Острый стресс констатируют как реакцию на стрессор большой силы – пережитую катастрофу, террористический акт, смерть близкого человека, развод и пр.

Диагностика хронического психоэмоционального стресса затруднительна. Хотя существуют методики оценки уровня стресса (например, тест Л.Ридера), в практике они используются мало. Оценить уровень хронического стресса можно в ходе ответа пациента на вопрос: “Имеются ли у Вас проблемы, которые являются причиной серьезных переживаний, на работе/дома?”.

Тревожные/депрессивные состояния

Позитивный ответ на вопрос: “Испытываете ли Вы чувство постоянного беспокойства, тревоги, зачастую без особых на то причин?”, – указывает на возможно имеющееся у пациента тревожное состояние.

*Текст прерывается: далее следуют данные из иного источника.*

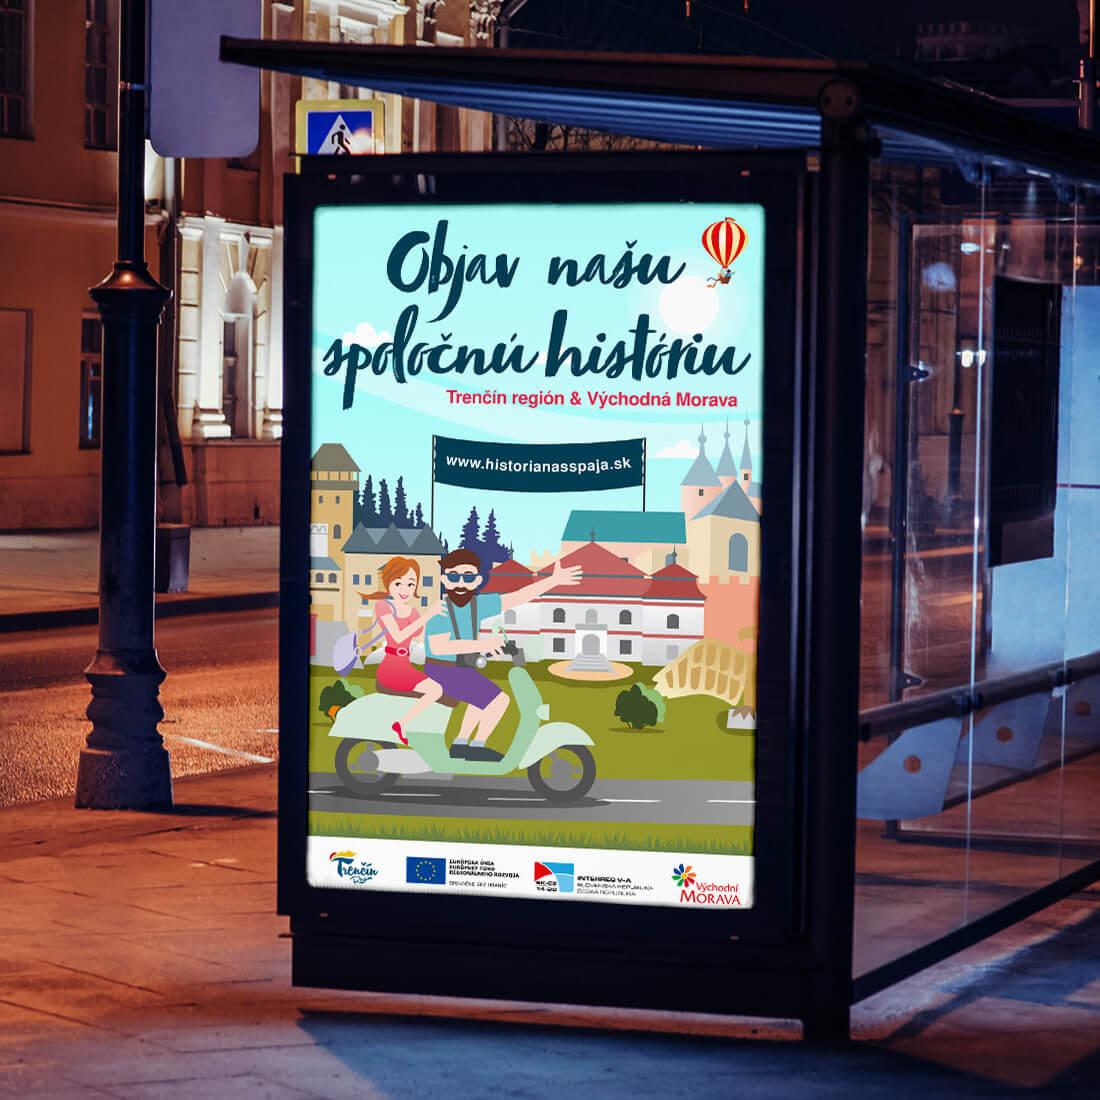 Celoslovenská reklamná kampaň pre Trenčín Región

Позитивный ответ на вопросы:
√"Испытываете ли вы чувство подавленности, депрессии и безнадежности?";
√"Утратили ли вы интерес к жизни?", – указывают на возможно имеющееся у пациента депрессивное состояние.

Скрининг тревожных и депрессивных состояний может проводиться с помощью стандартизованных опросников. Одним из наиболее надежных скрининговых психодиагностических инструментов для общемедицинской сети здравоохранения является Госпитальная шкала тревоги и депрессии – Hospital Anxiety and Depression Scale – HADS [208] (Приложение 12). Несмотря на полезность применения психометрических инструментов необходимо подчеркнуть, что результаты тестирования не являются клиническим диагнозом. Они с высокой степенью вероятности указывают на наличие у пациента того или иного психопатологического состояния, однако требуют уточнения в ходе клинического осмотра.

Учитывая высокую распространенность расстройств депрессивного спектра у пациентов ХСН, СД, а также больных, перенесших ИМ, операцию АКШ, МИ, целесообразно проведение скрининга с целью выявления тревожных/депрессивных расстройств, прежде всего, среди этих категорий больных.

14.3. Контроль психосоциальных ФР

Коррекция психосоциальных ФР способствует улучшению психологического статуса, качества жизни больных, их приверженности к медикаментозному лечению и изменению ОЖ в позитивном направлении.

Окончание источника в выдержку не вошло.